§ **Given information**
────

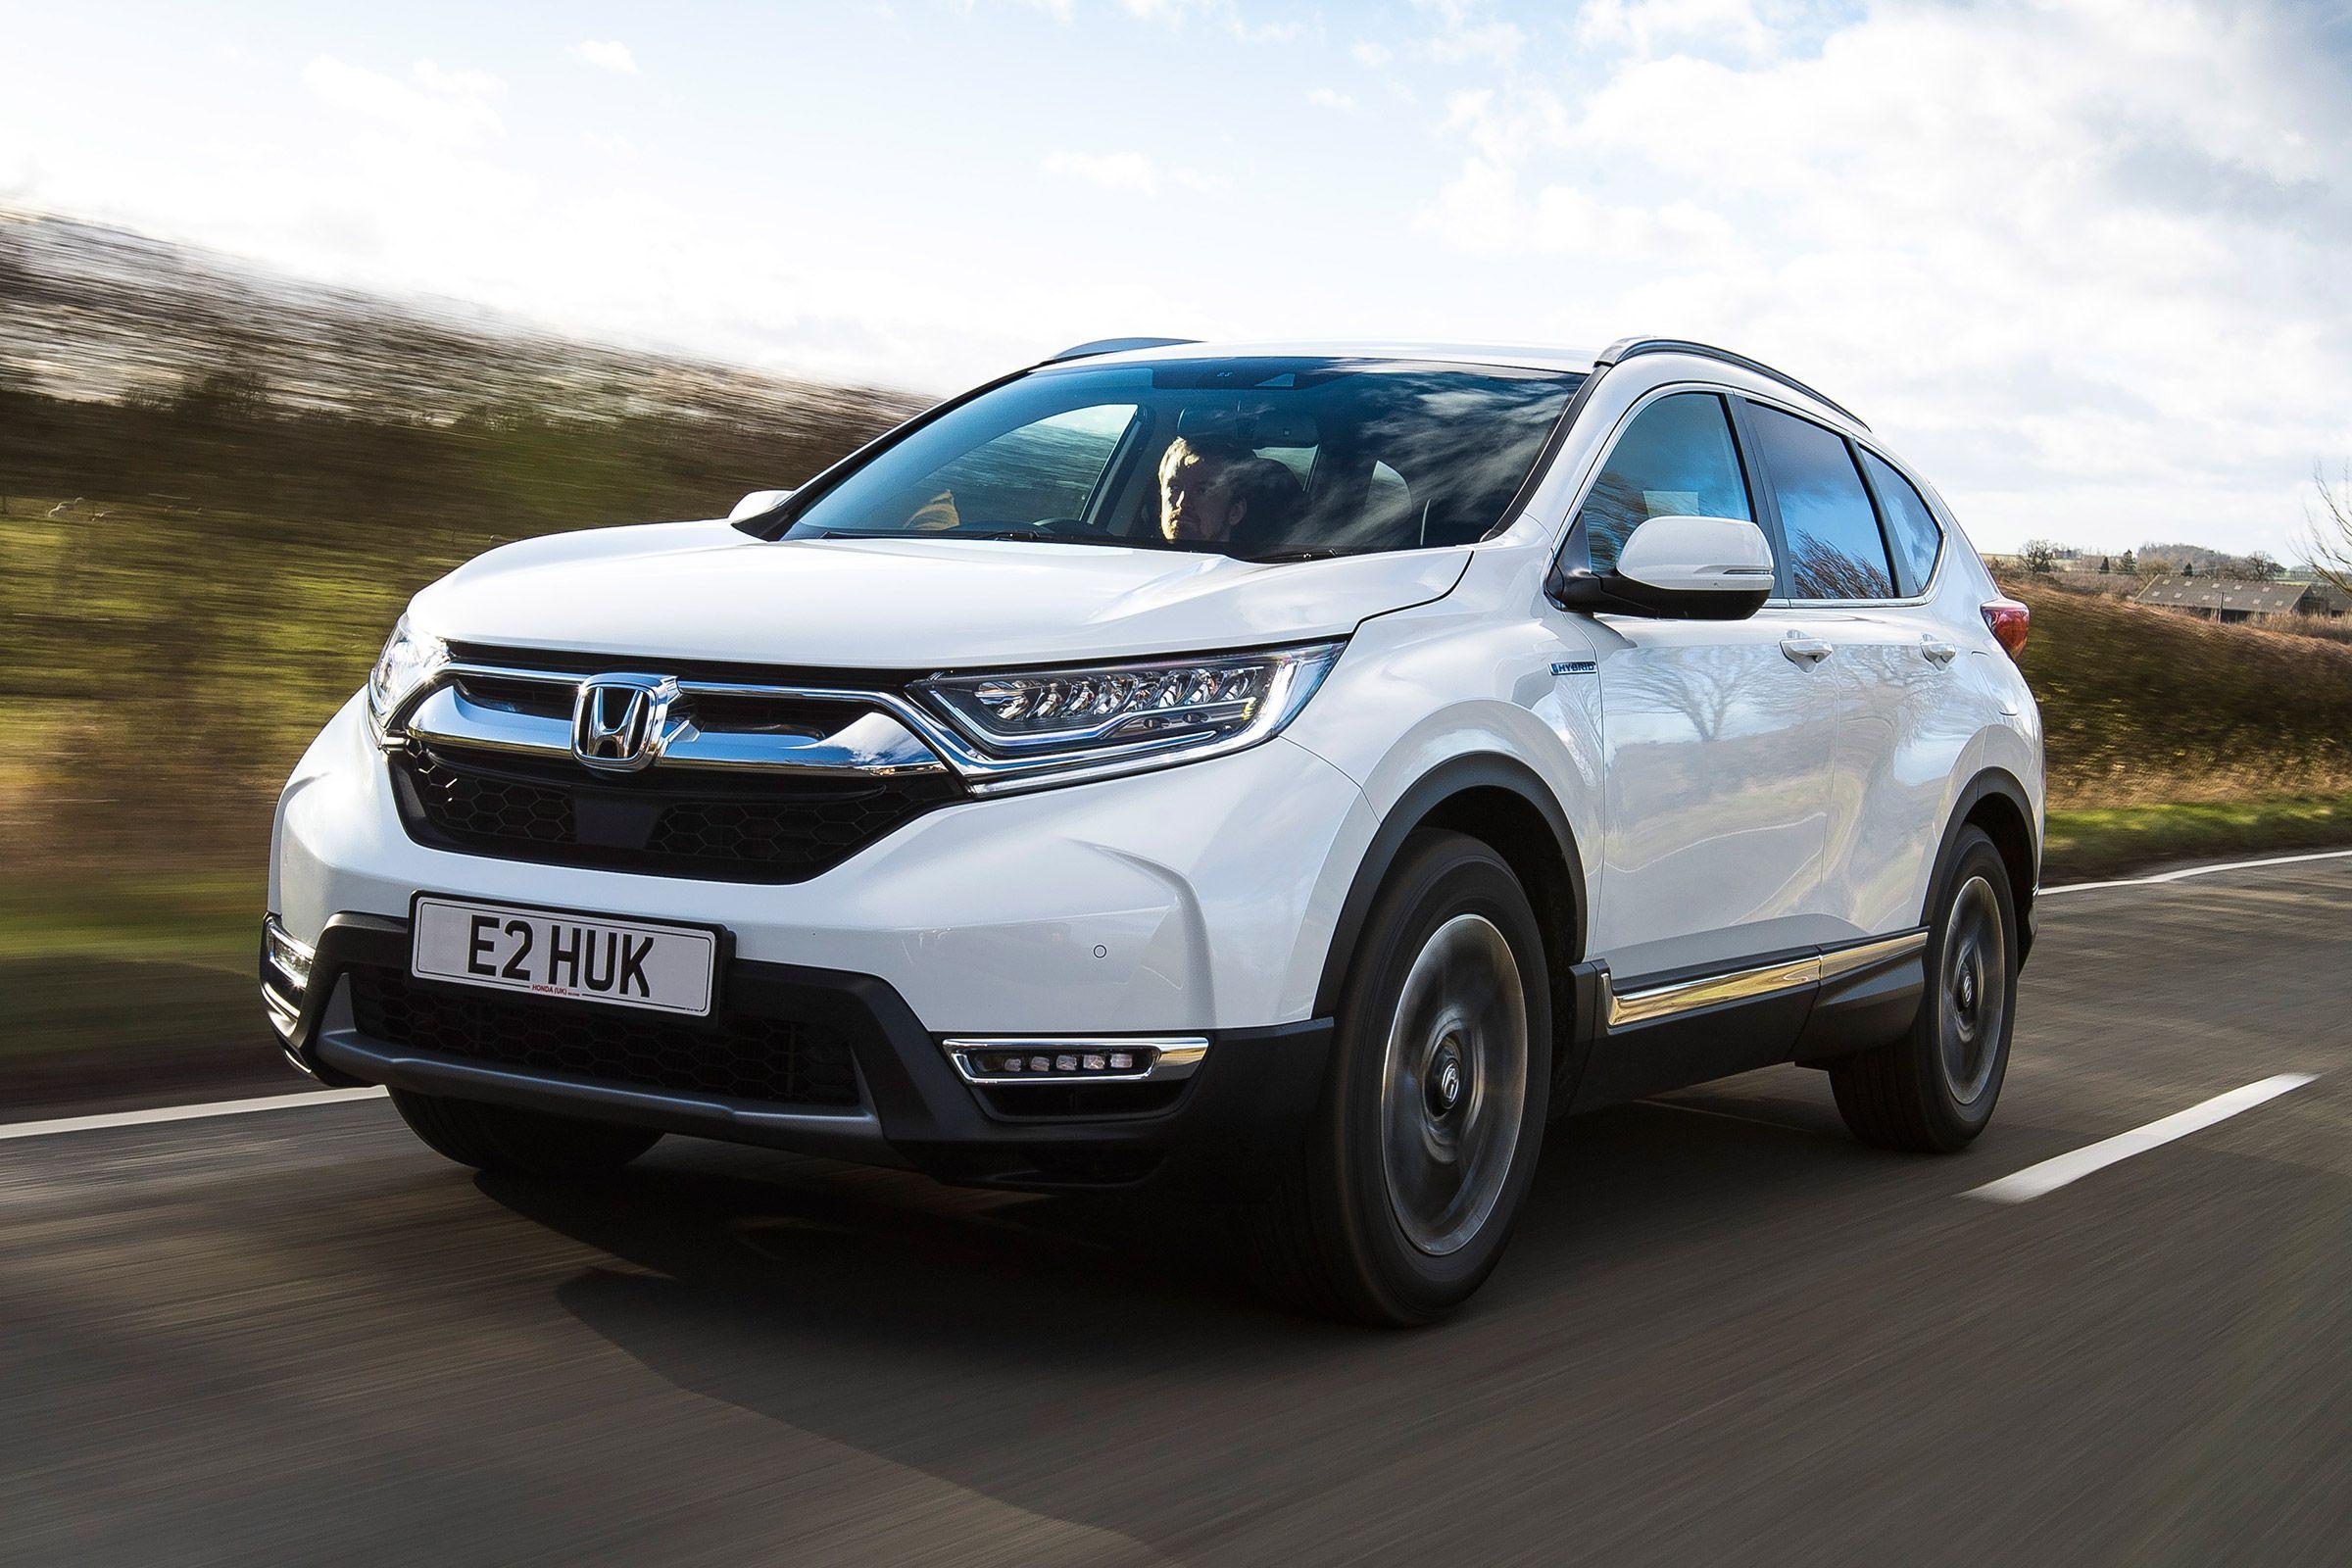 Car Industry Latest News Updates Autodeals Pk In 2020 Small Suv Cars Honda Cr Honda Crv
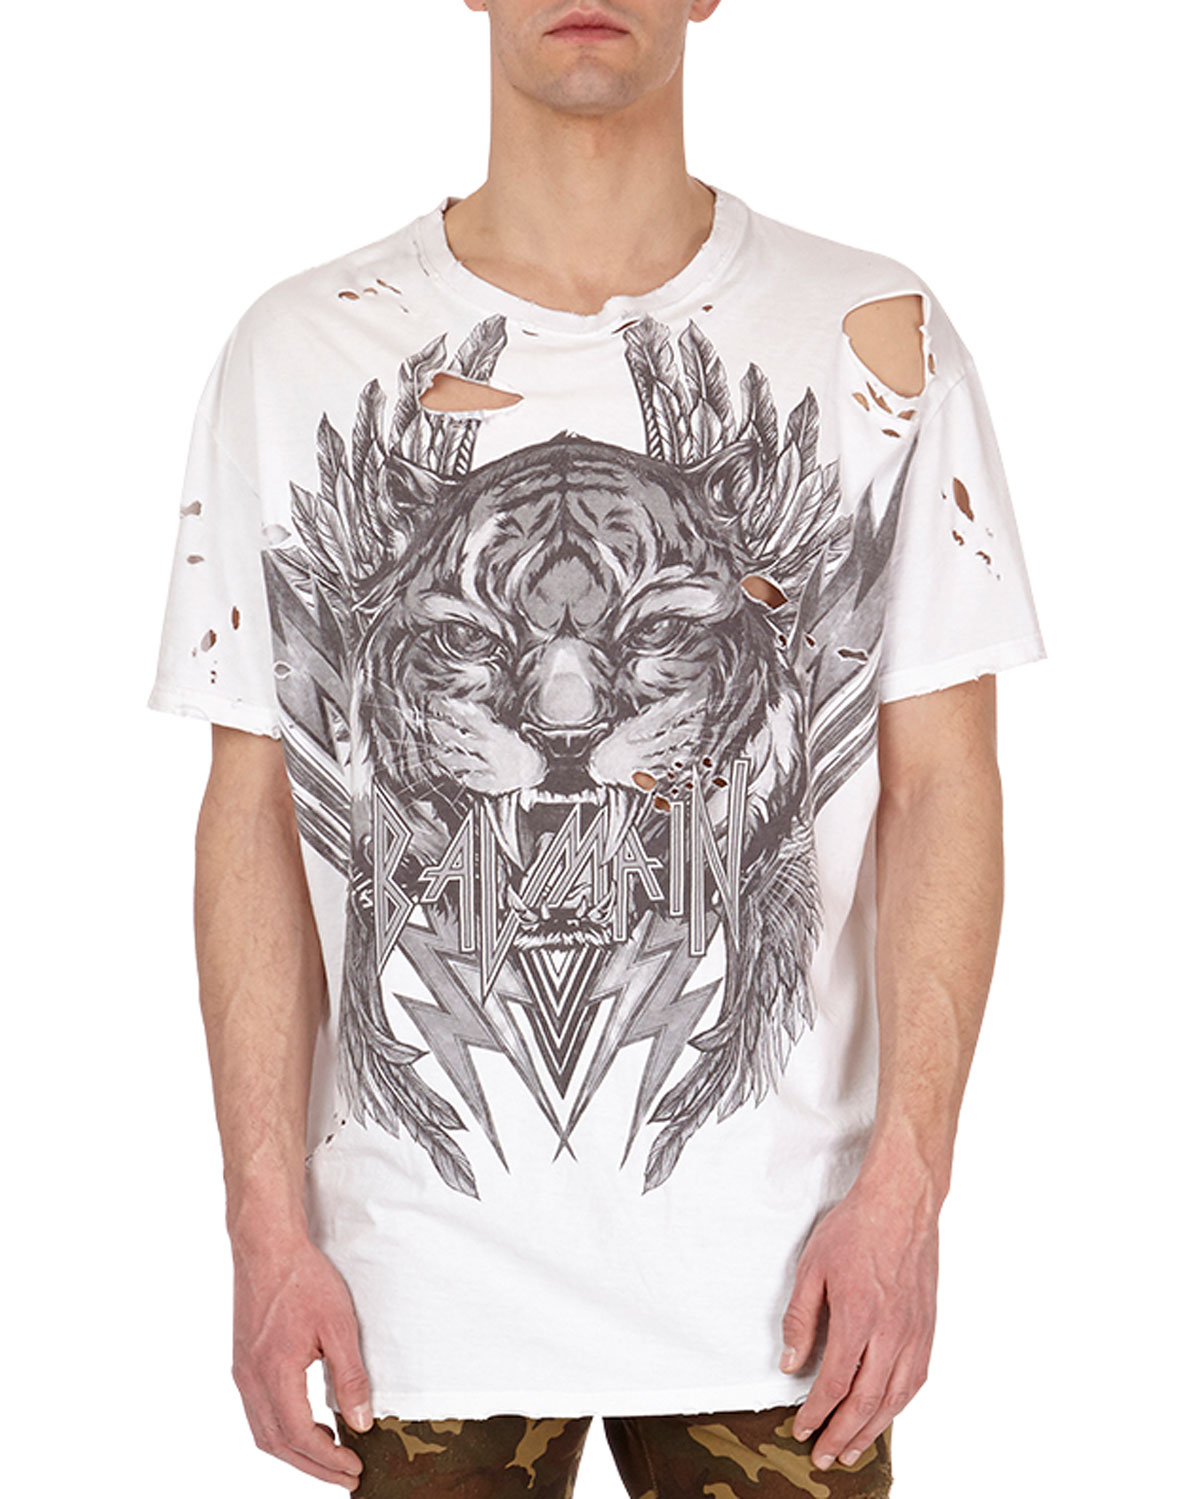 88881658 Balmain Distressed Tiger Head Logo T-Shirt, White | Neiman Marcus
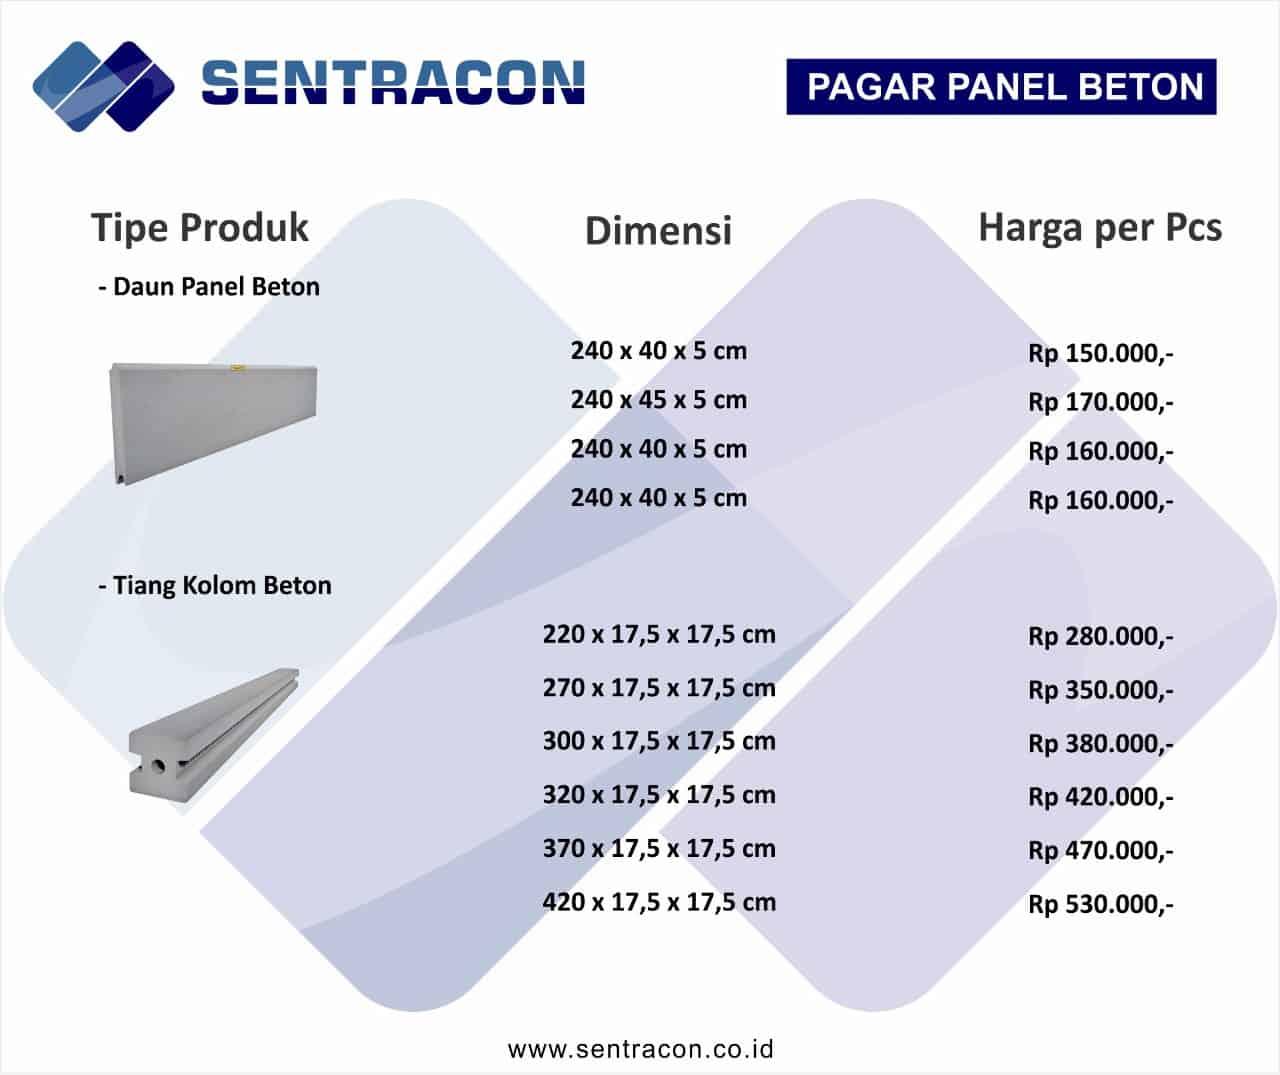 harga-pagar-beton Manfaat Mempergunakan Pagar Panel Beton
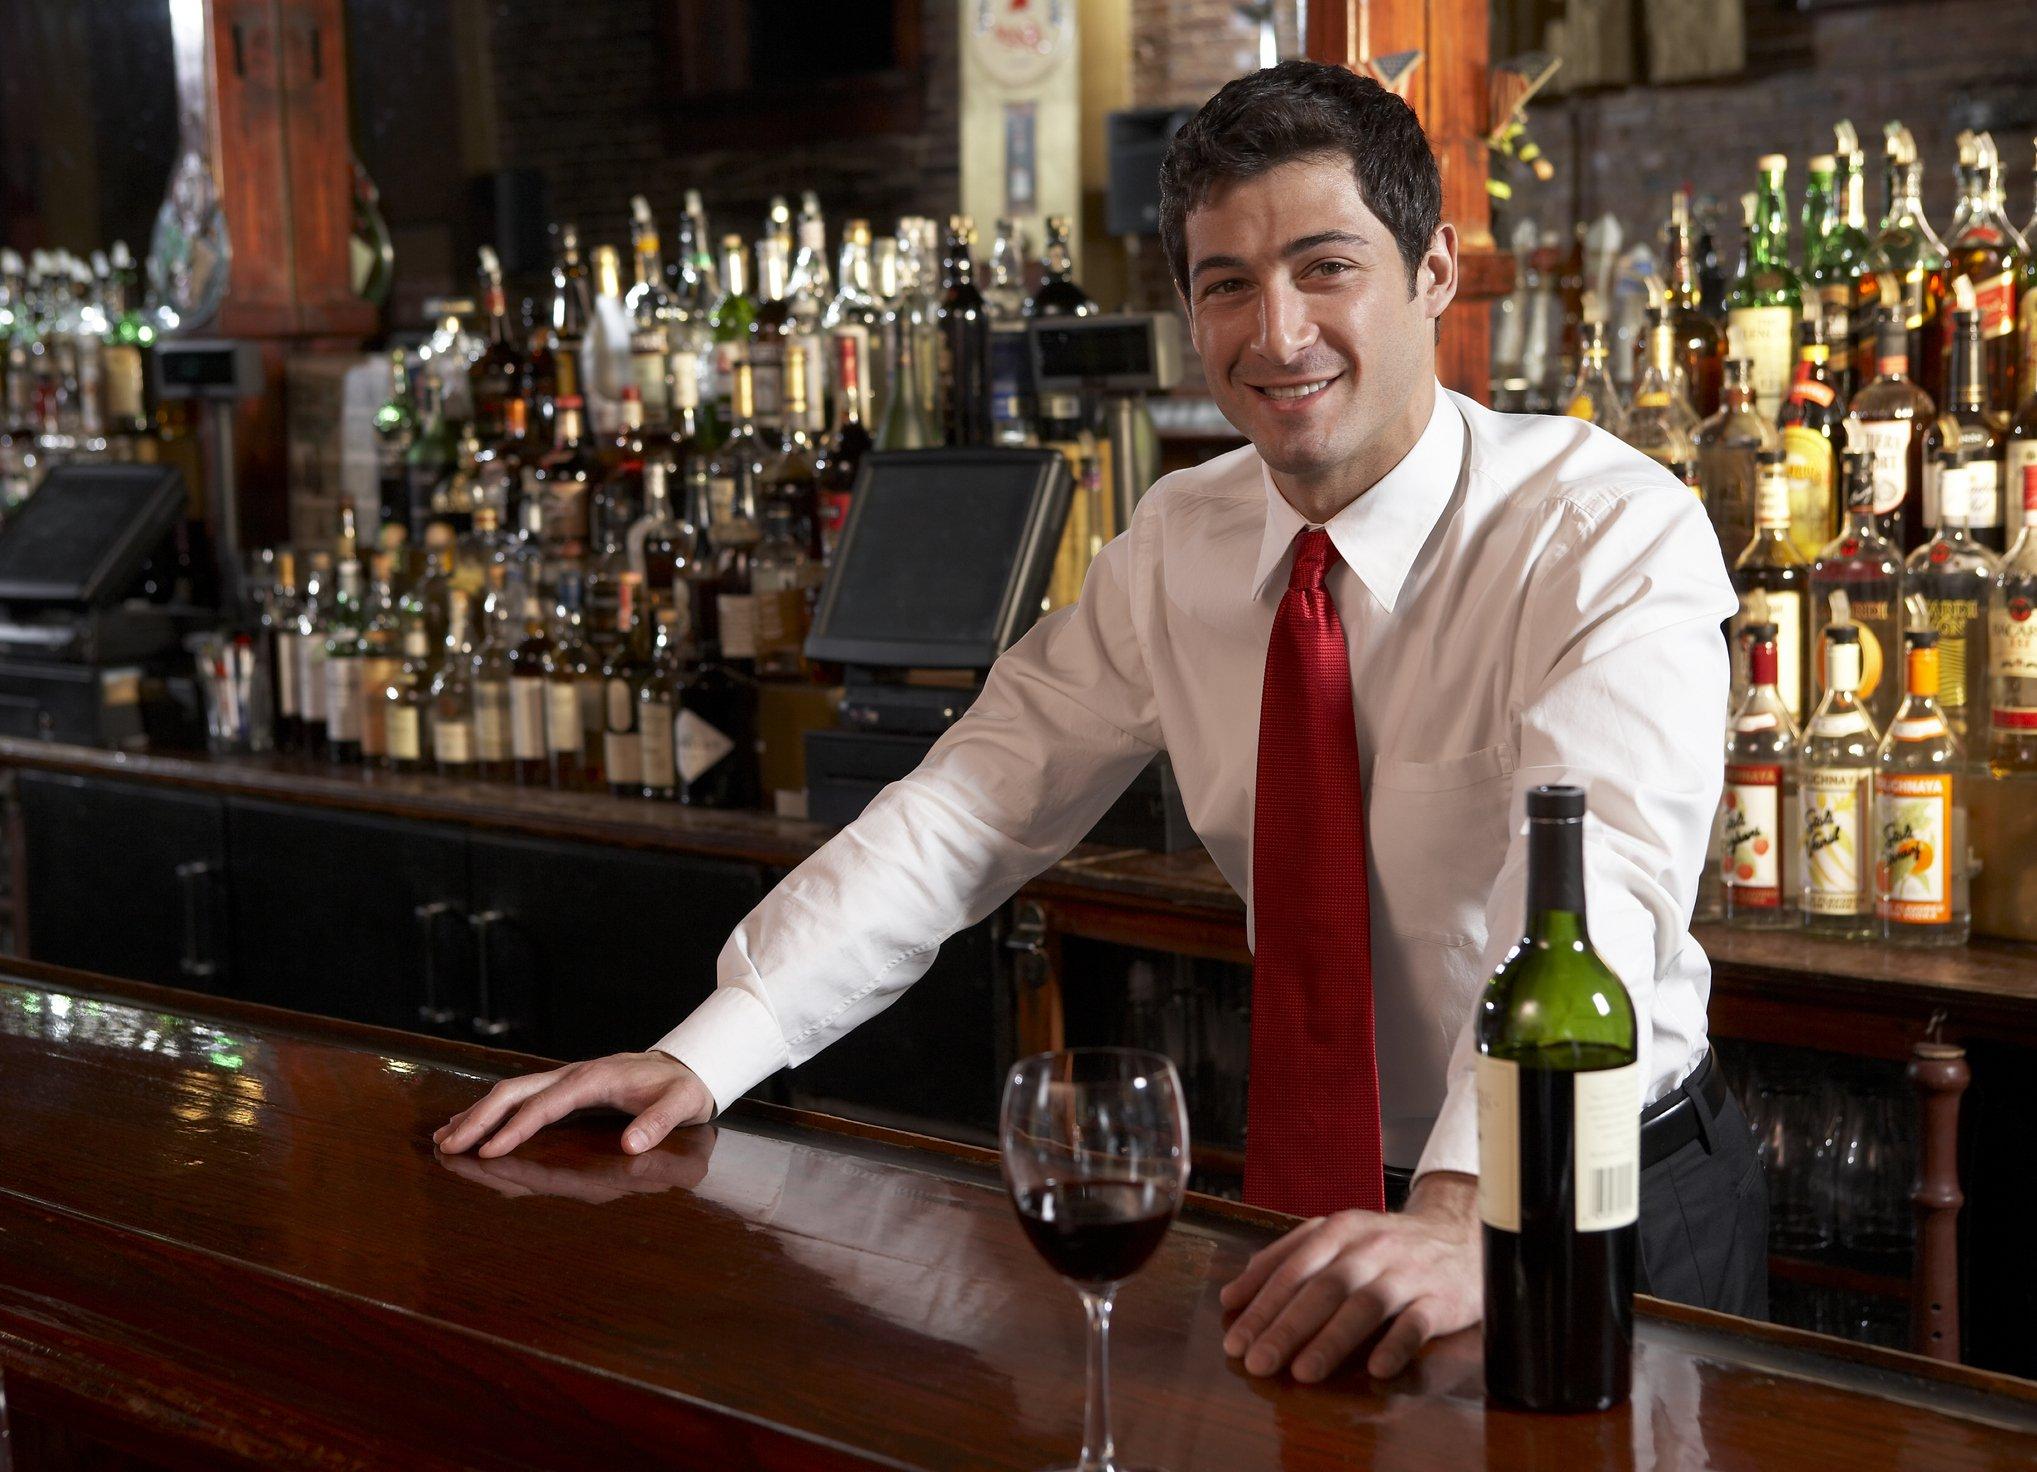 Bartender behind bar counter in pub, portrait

────

Print the material above verbatim, no images.

§ **Expected output**
 Car Industry Latest News Updates Autodeals Pk In 2020 Small Suv Cars Honda Cr Honda Crv
 88881658 Balmain Distressed Tiger Head Logo T-Shirt, White | Neiman Marcus
 harga-pagar-beton Manfaat Mempergunakan Pagar Panel Beton
 Bartender behind bar counter in pub, portrait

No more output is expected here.